Photo: M. Woodruff/Business Insider

When I held my brand new iPhone 5 in an AT&T store back in December, I knew it was love at first sight. Then I forgot my charger at home for the first time.

The three perfectly good iPhone 4 chargers I had stashed in my desk were completely useless, and I went home with a dead phone for the first time ever.

The honeymoon phase was over.

Like the iPhone addict that I am, I knew I needed at least four backups in order to have a guaranteed source of power wherever I went. 

I couldn’t stomach dropping another $80 on chargers so soon after blowing $300 on a new phone, which is why I was thrilled to see an incredible Cost Brothers/Via Google Offers deal in January.

For $17 + $5 shipping, I got what looked like a pair of iPhone 5 Earpods, a 10-ft Lightning cable, a car charger and a wall charger (valued at $106 dollars).

I was only interested in the Earpods and charger (I don’t drive and my old wall chargers work just fine with the iPhone 5), but since both are worth $20 – $30 a piece, I figured it was still a good deal.
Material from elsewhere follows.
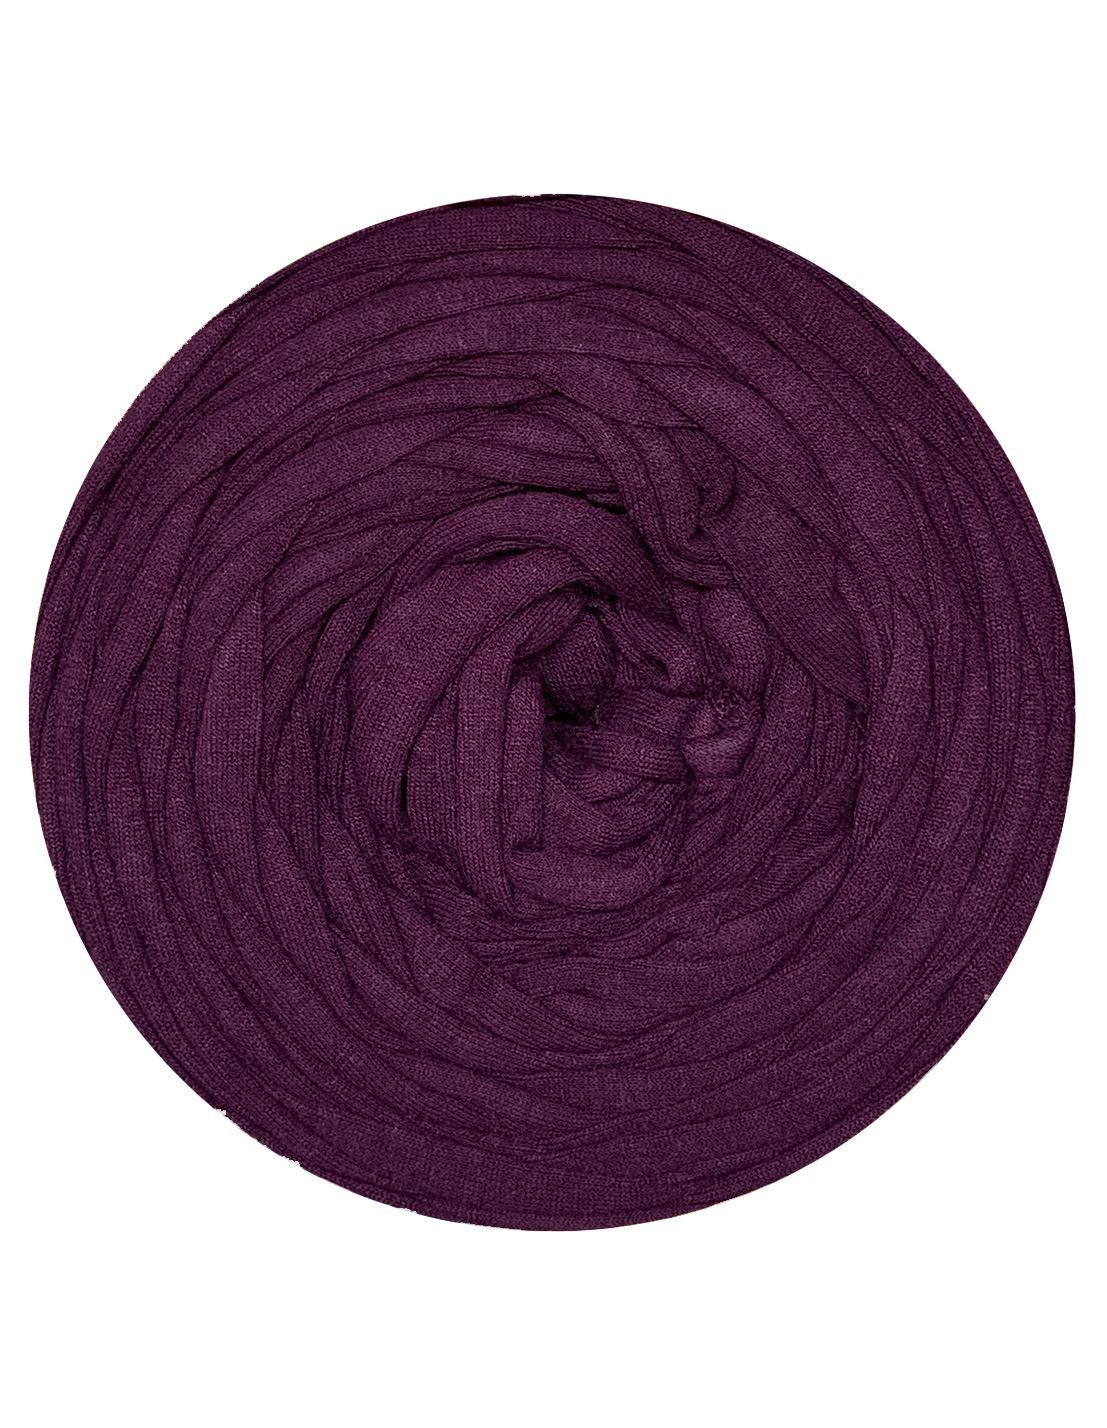 Aubergine purple t-shirt yarn (100-120m)

I went for it. 

And I was deeply disappointed. 
When the package finally arrived a few weeks later, I immediately tried out the headphones. They looked almost identical to the real thing. 

But it didn’t take long to realise these were no Earpods. Everything I listen to sounds as if I’m at one end of a tin can and the music is on the other end of the world. Other people I know who purchased the same deal were similarly disappointed. 

After the earbuds, I took a closer look at the wall charger. According to the label, it’s made by a generic brand called “Happy China.” The same plug sells for a measly $1.52 on Amazon.com.  There are no manufacturers labelled on the other items in the bundle, so I couldn’t check.

Maybe all of the items in this kit would be valued at $106 if they were manufactured by Apple, but as far as I can tell, these are exactly the kind of generic knockoffs tech experts predicted would flood the market soon after the new phone was released. I’ve had $5 earbuds from Big Lots that sound better than what Cost Brothers is selling.

Earlier today, I called up Cost Brothers as a regular customer with a complaint. A representative answered after the third ring, was perfectly polite and even offered to send a replacement pair of earbuds to me straight away. 

But when I called again later and asked to speak with a press representative, they were less than helpful. The person I spoke with (someone named Oscar) told me they “never said the accessories were from Apple” and promptly hung up on me. 

The problem, however, isn’t that the product isn’t Apple-made. It’s that they say it’s valued at $106 when it’s safe to say it’s not. I reached out to a press rep for Google Offers, which is still running the same deal through April, and am waiting to hear back.

The takeaway: If you’re looking for low-cost Apple accessories, just know what you’re getting yourself into. Most of those amazing deals are simply knockoffs. I did get an extra charger out of the deal, and it works fine as far as I can tell, but I can’t help but feel like I paid $22 for five items and got only one that’s of any use. I might as well have shelled out the $30 for a new charger from an actual Apple store and saved on shipping.